Carl Bogus invented the fiction that the purpose of the Second Amendment was slave control.
Back in 1998—a decade before Heller—Prof. Carl Bogus claimed to have discovered a “hidden history” showing that the Second Amendment was adopted to ensure that militias could enforce slave control. Since that theory crops up now and then, in 2021 I posted a comprehensive historical refutation in SSRN, which was subsequently published in Georgetown Journal of Law & Public Policy.
Bogus has now rehashed his 1998 theory in Madison’s Militia: The Hidden History of the Second Amendment (Oxford University Press, 2023), which adds nothing new on point. He states up front that he will not address how legal scholars or the courts have interpreted the Amendment, except to assert, without any support, that James Madison and his colleagues “would have been astonished” at the Supreme Court’s holding that the Amendment “grants individuals a right to have guns….” (“Grants?” No, confirms.)

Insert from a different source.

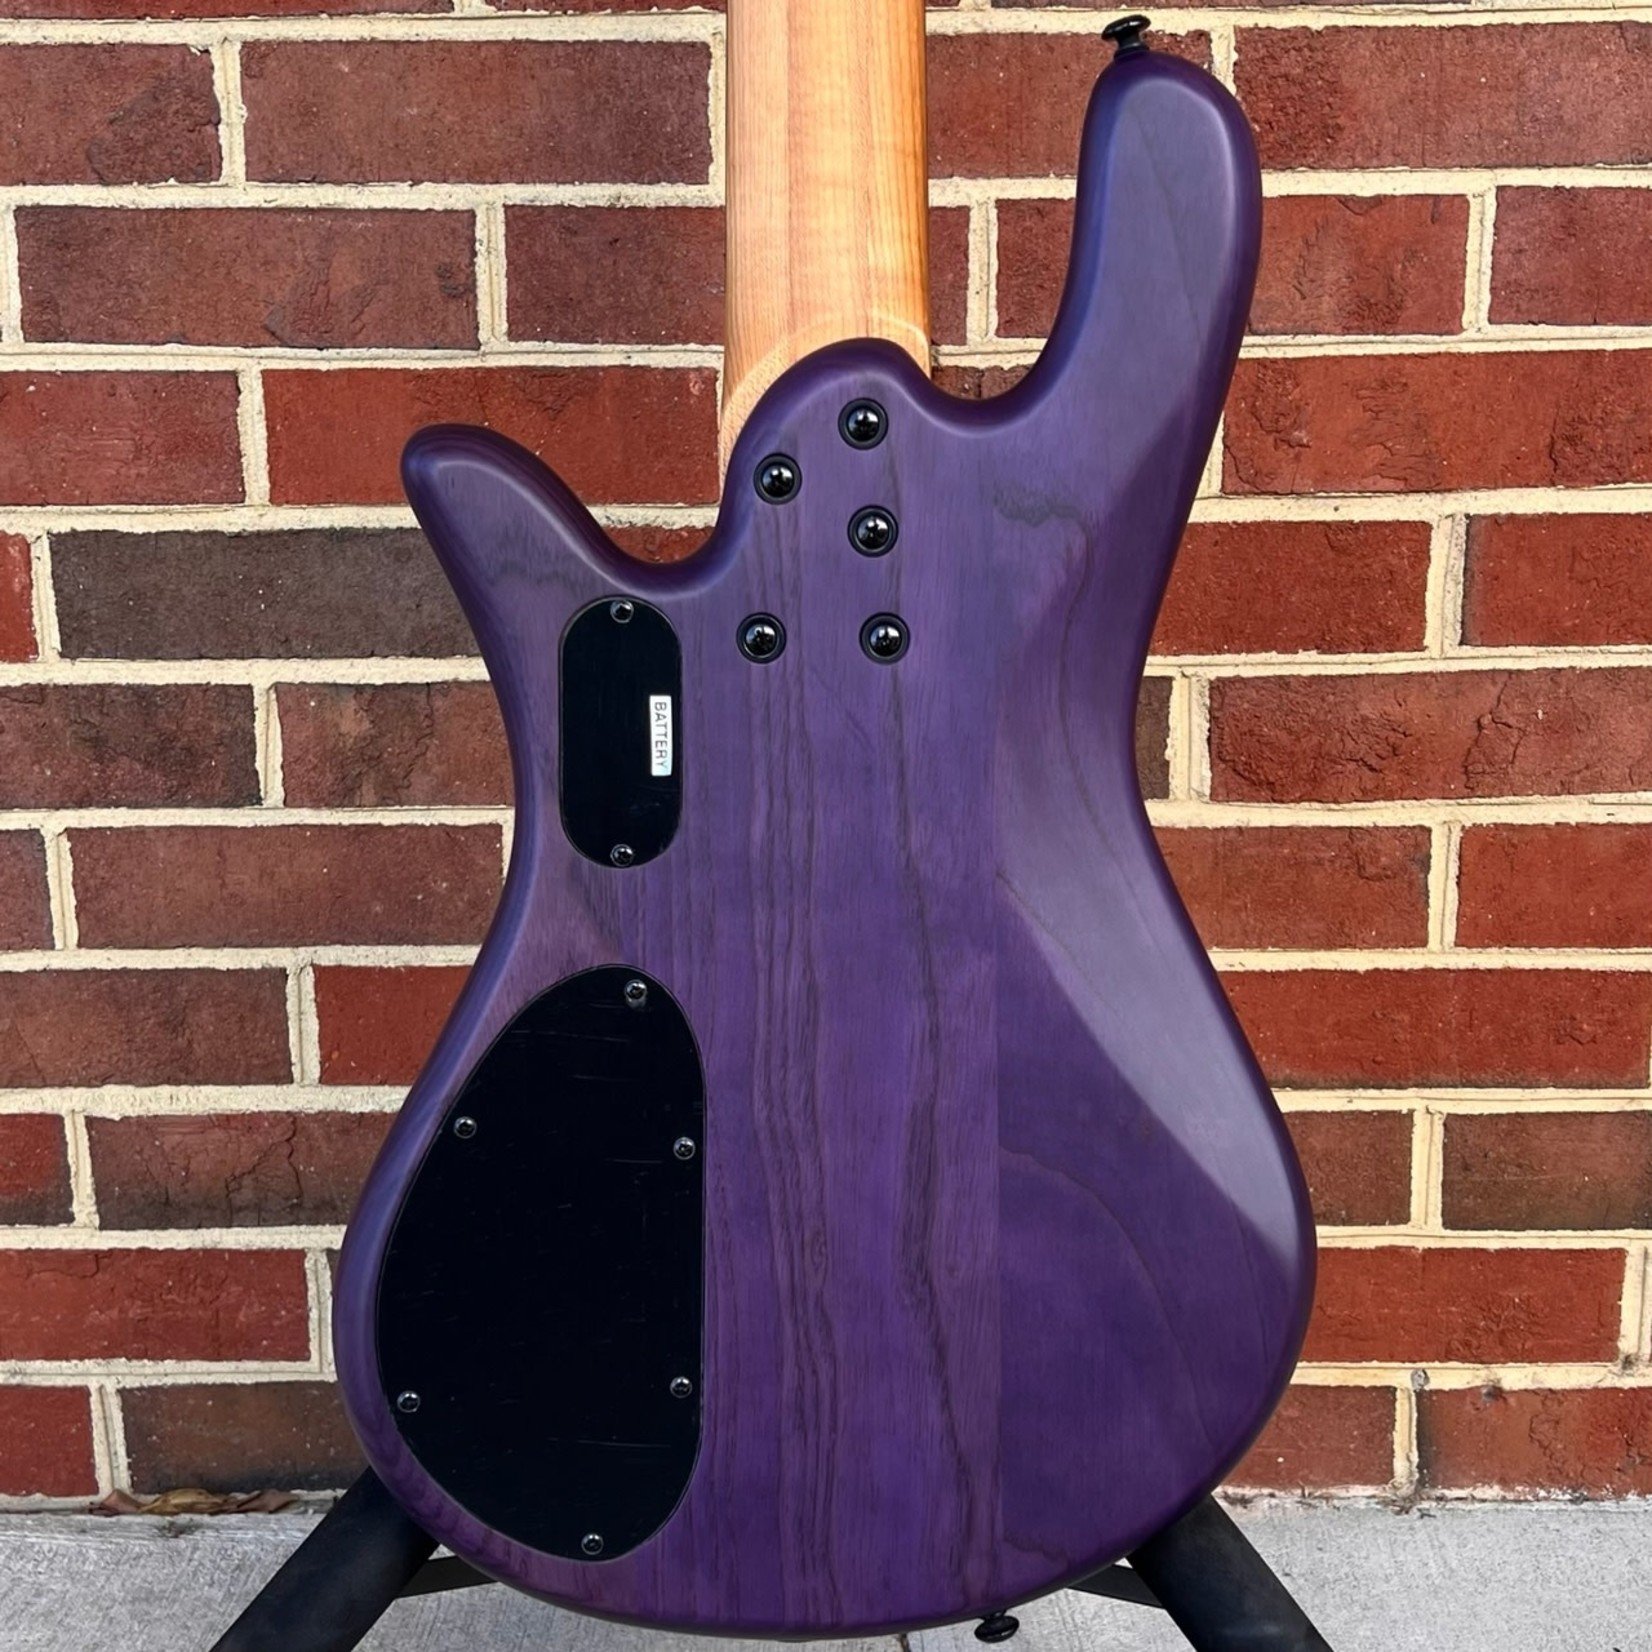 Spector Spector NS Pulse II 5-String, Ultra Violet Matte, Quilted Maple Top, Swamp Ash Body, Roasted Maple Neck, Macassar Ebony Fretboard, Gig Bag, SN# W211883

Bogus failed to address or even mention my paper, which is the only comprehensive critique of his 1998 article, even though it was first published a year-and-a-half before his book. Oxford University’s readers who vetted his manuscript were either asleep at the wheel or biased in favor of his argument. This is good example of why courts today, when searching for historical analogues under Bruen, should rely on original historical sources and not skewed declarations by “historians.”